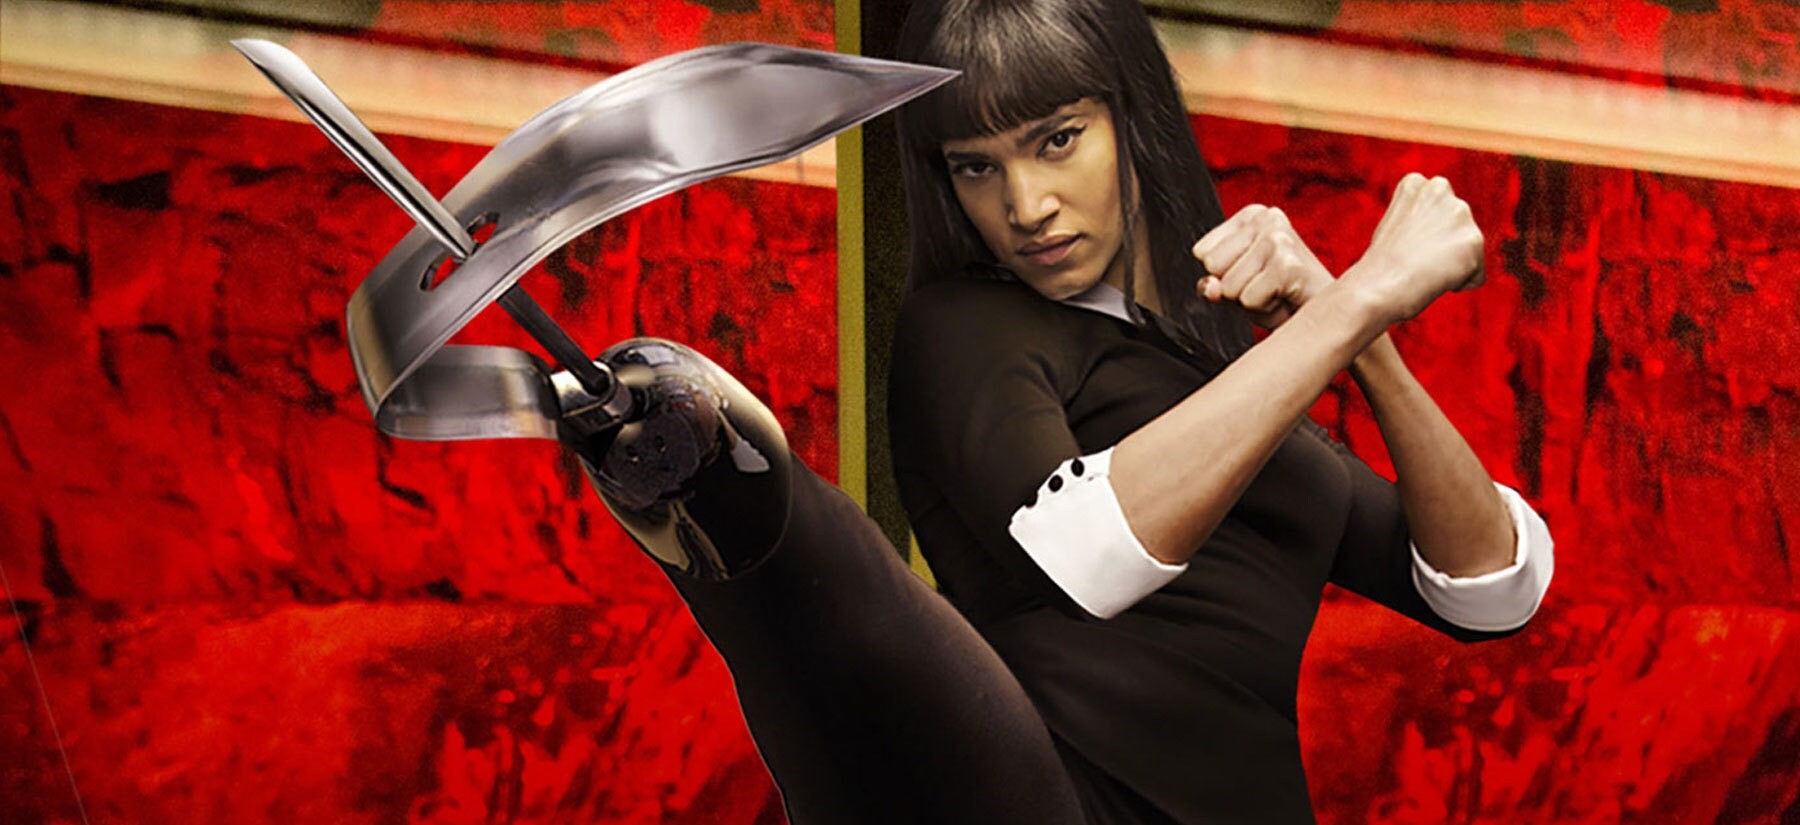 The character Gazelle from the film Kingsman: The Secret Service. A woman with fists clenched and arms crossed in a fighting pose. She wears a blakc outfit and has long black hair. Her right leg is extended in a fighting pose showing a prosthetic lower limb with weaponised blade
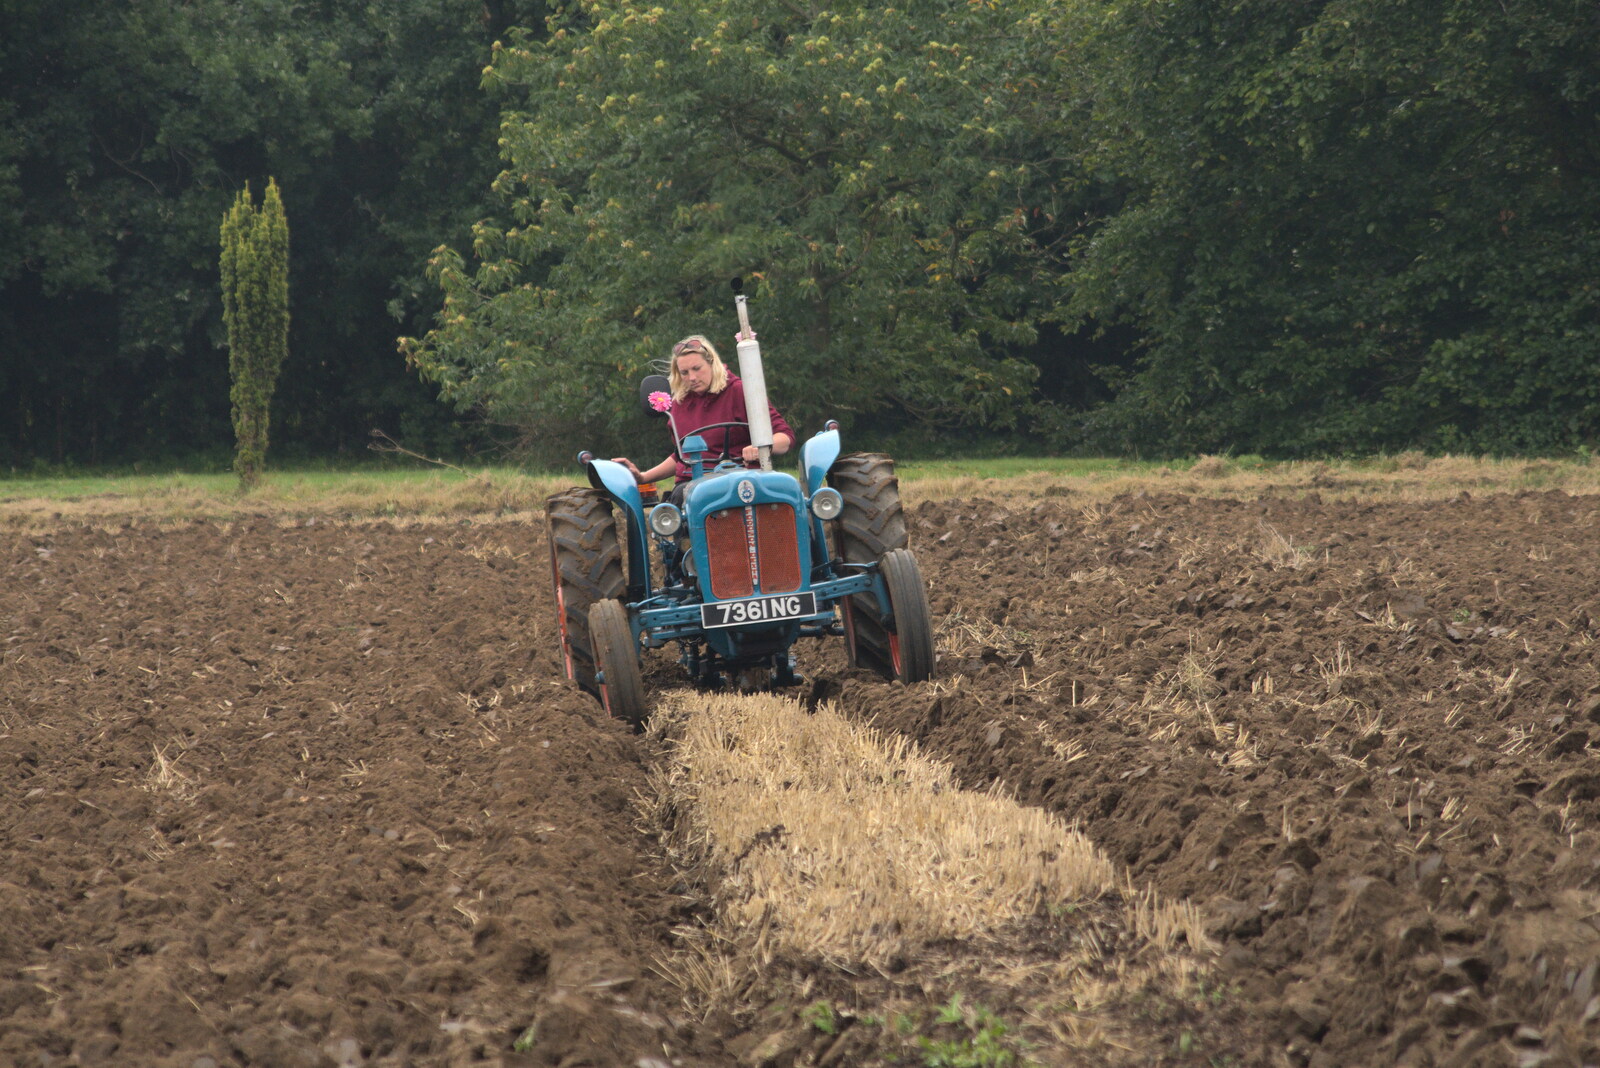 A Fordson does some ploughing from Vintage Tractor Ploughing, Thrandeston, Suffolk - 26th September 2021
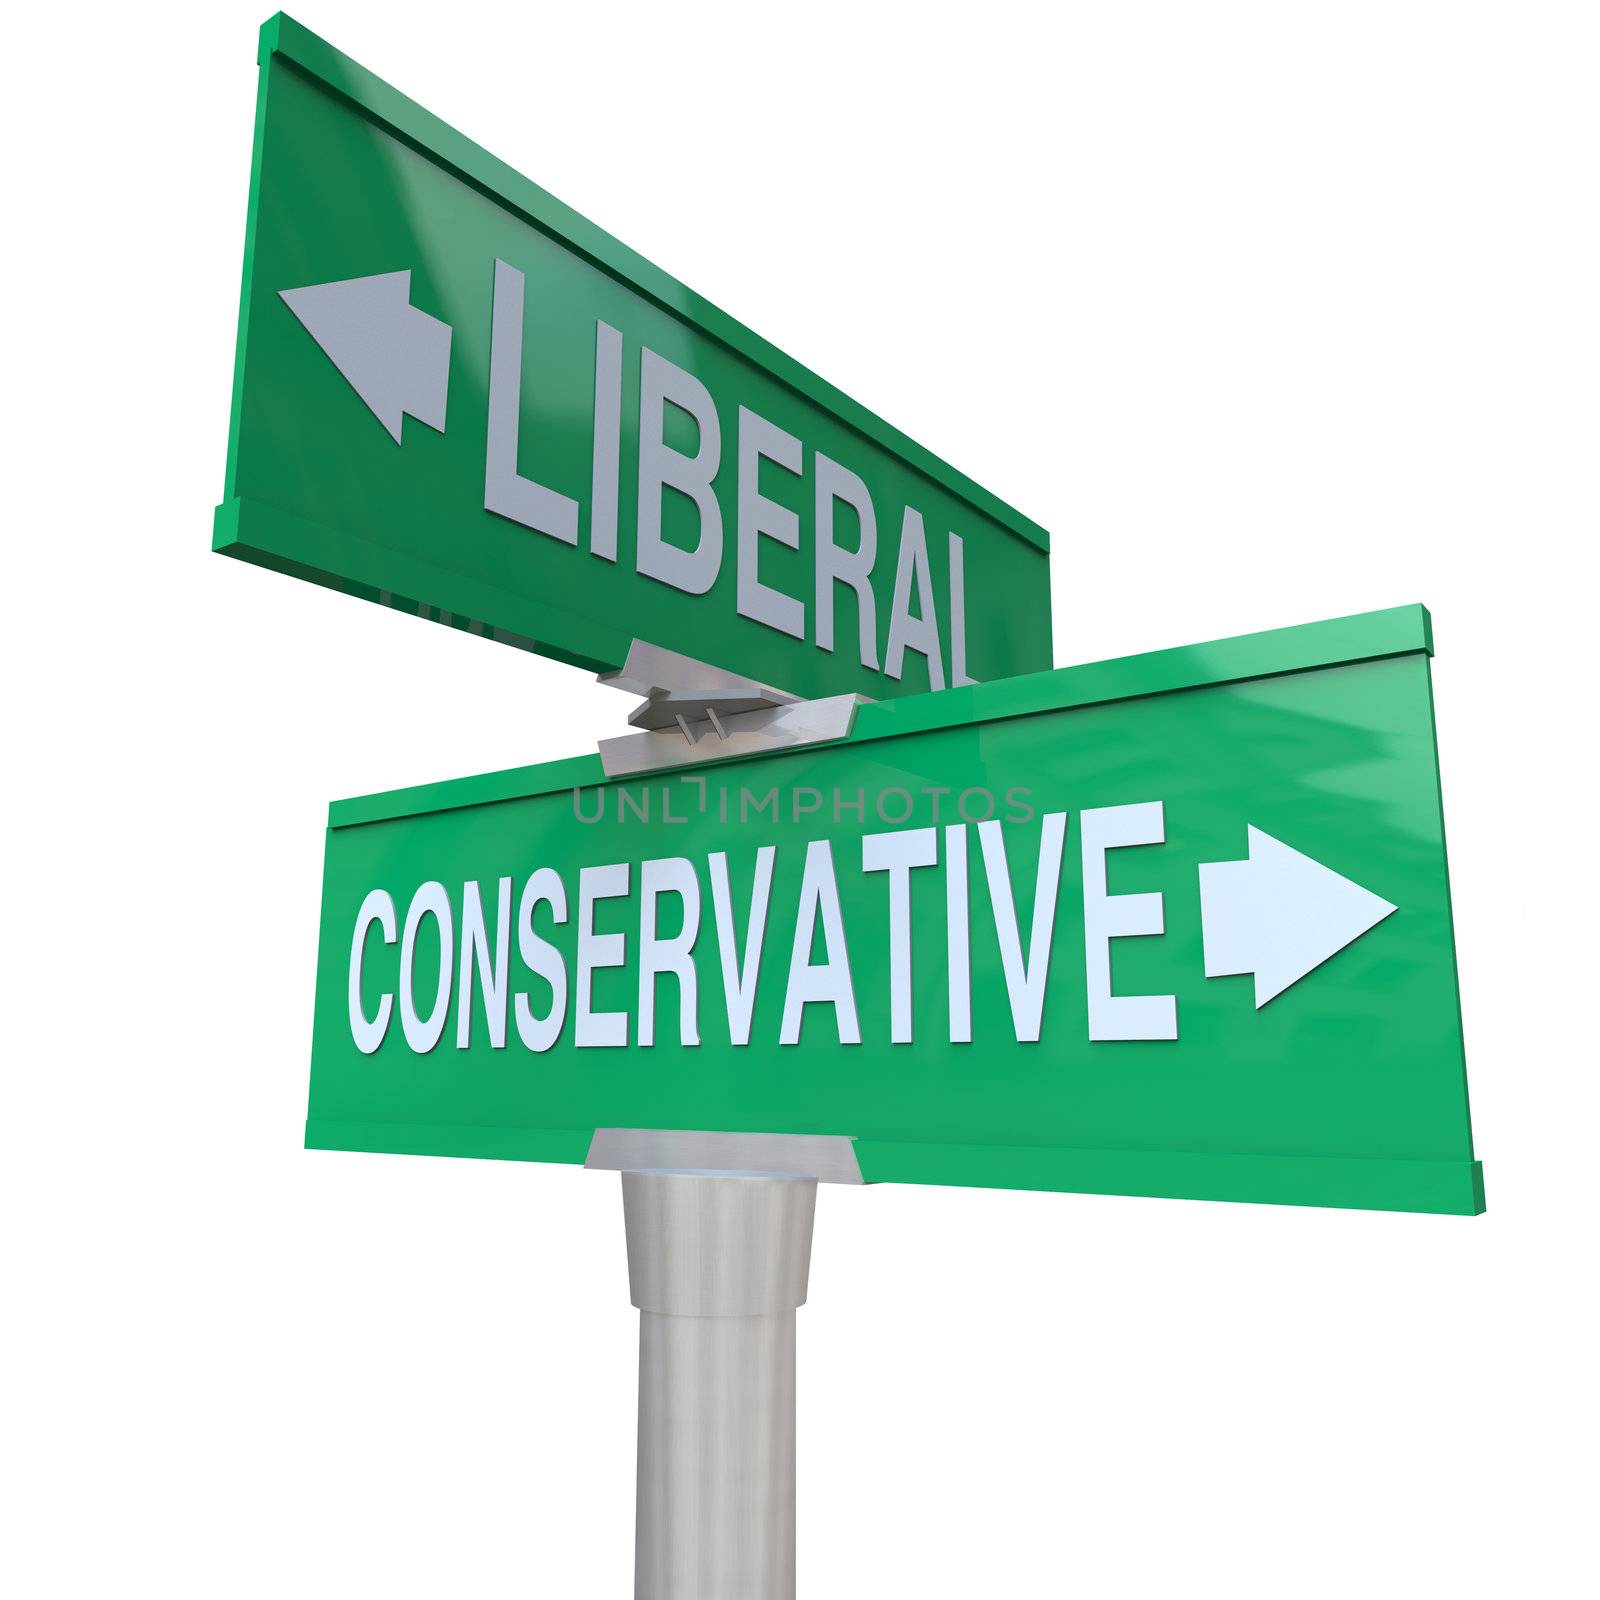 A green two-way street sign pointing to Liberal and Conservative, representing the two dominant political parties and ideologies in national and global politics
^^^^^^^^
◆ Activity
Return the lines from the one that contains "A Fordson does" through the final line of the listing above, inclusive. Transcribe them exactly and drop the pictures.

◆ Your solution
 A Fordson does some ploughing from Vintage Tractor Ploughing, Thrandeston, Suffolk - 26th September 2021
 A green two-way street sign pointing to Liberal and Conservative, representing the two dominant political parties and ideologies in national and global politics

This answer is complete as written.